Monday, October 16, 2006

Q50 A2: Whether an angel is composed of matter and form?

No. Every intellectual substance is altogether immaterial because the operation belonging to anything is according to the mode of its substance and to understand is an altogether immaterial operation, as appears from its object, whence any act receives its species and nature.

For a thing is understood according to its degree of immateriality; because forms that exist in matter are individual forms which the intellect cannot apprehend as such.

But things distinguished by the intellect are not necessarily distinguished in reality; because the intellect does not apprehend things according to their mode, but according to its own mode.

Hence material things which are below our intellect exist in our intellect in a simpler mode than they exist in themselves.

Angelic substances, on the other hand, are above our intellect; and hence our intellect cannot attain to apprehend them, as they are in themselves, but by its own mode, according as it apprehends composite things; and in this way also it apprehends God.

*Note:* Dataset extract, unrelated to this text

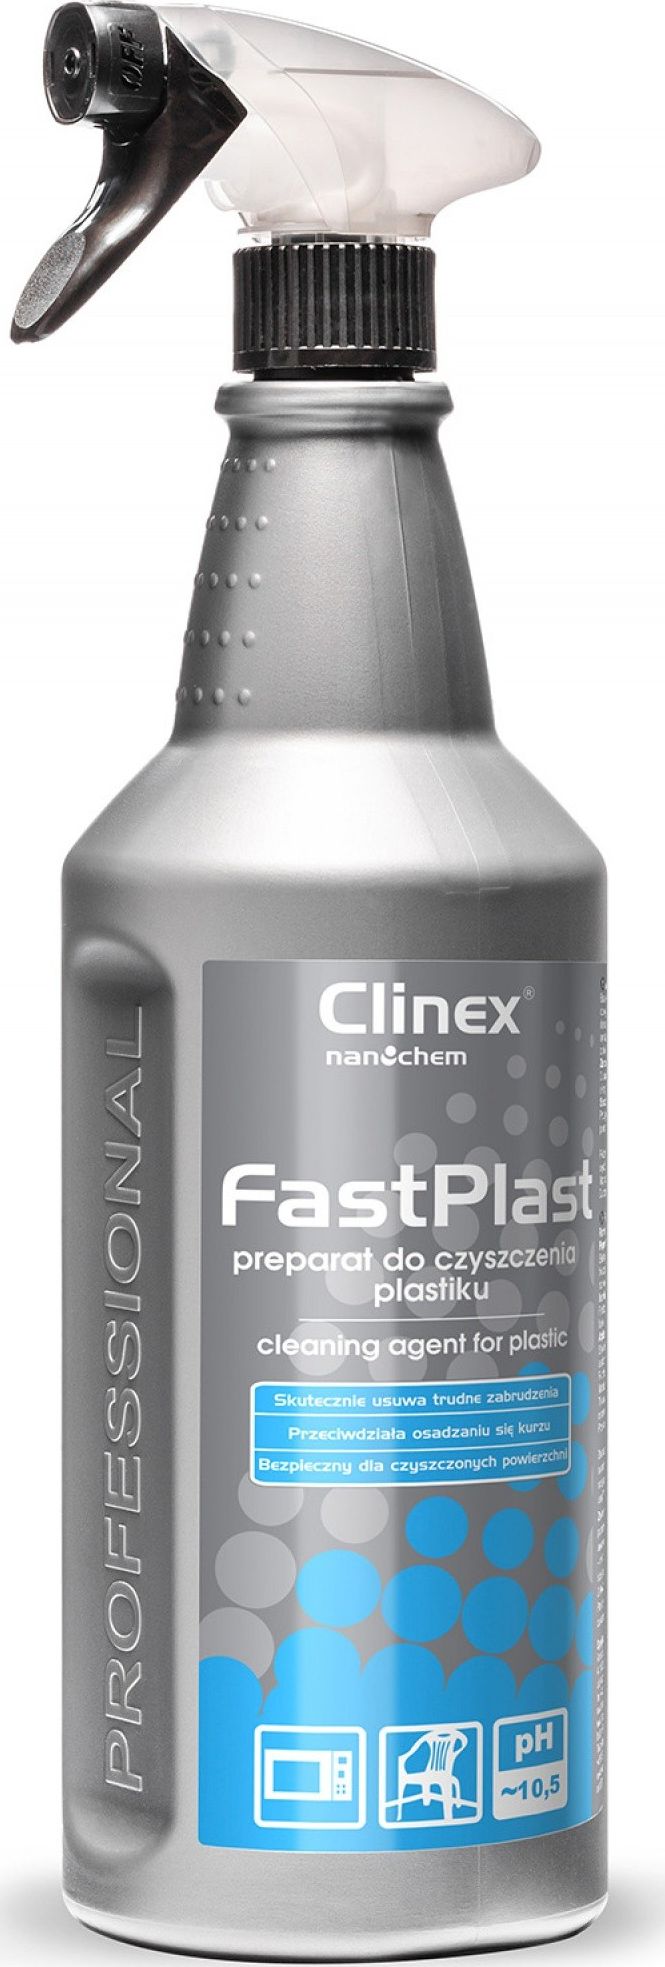 Clinex Preparat do czyszczenia plastiku FastPlast 1L 77-695 (5907513273707) Sadzīves ķīmija

Although there is no composition of matter and form in an angel, yet there is act and potentiality. And this can be made evident if we consider the nature of material things which contain a twofold composition.

The first is that of form and matter, whereby the nature is constituted. Such a composite nature is not its own existence but existence is its act. Hence the nature itself is related to its own existence as potentiality to act.

Therefore if there be no matter, and supposing that the form itself subsists without matter, there nevertheless still remains the relation of the form to its very existence, as of potentiality to act. And such a kind of composition is understood to be in the angels; and this is what some say, that an angel is composed of, "whereby he is," and "what is," or "existence," and "what is," as Boethius says. For "what is," is the form itself subsisting; and the existence itself is whereby the substance is; as the running is whereby the runner runs.

But in God "existence" and "what is" are not different. Hence God alone is pure act.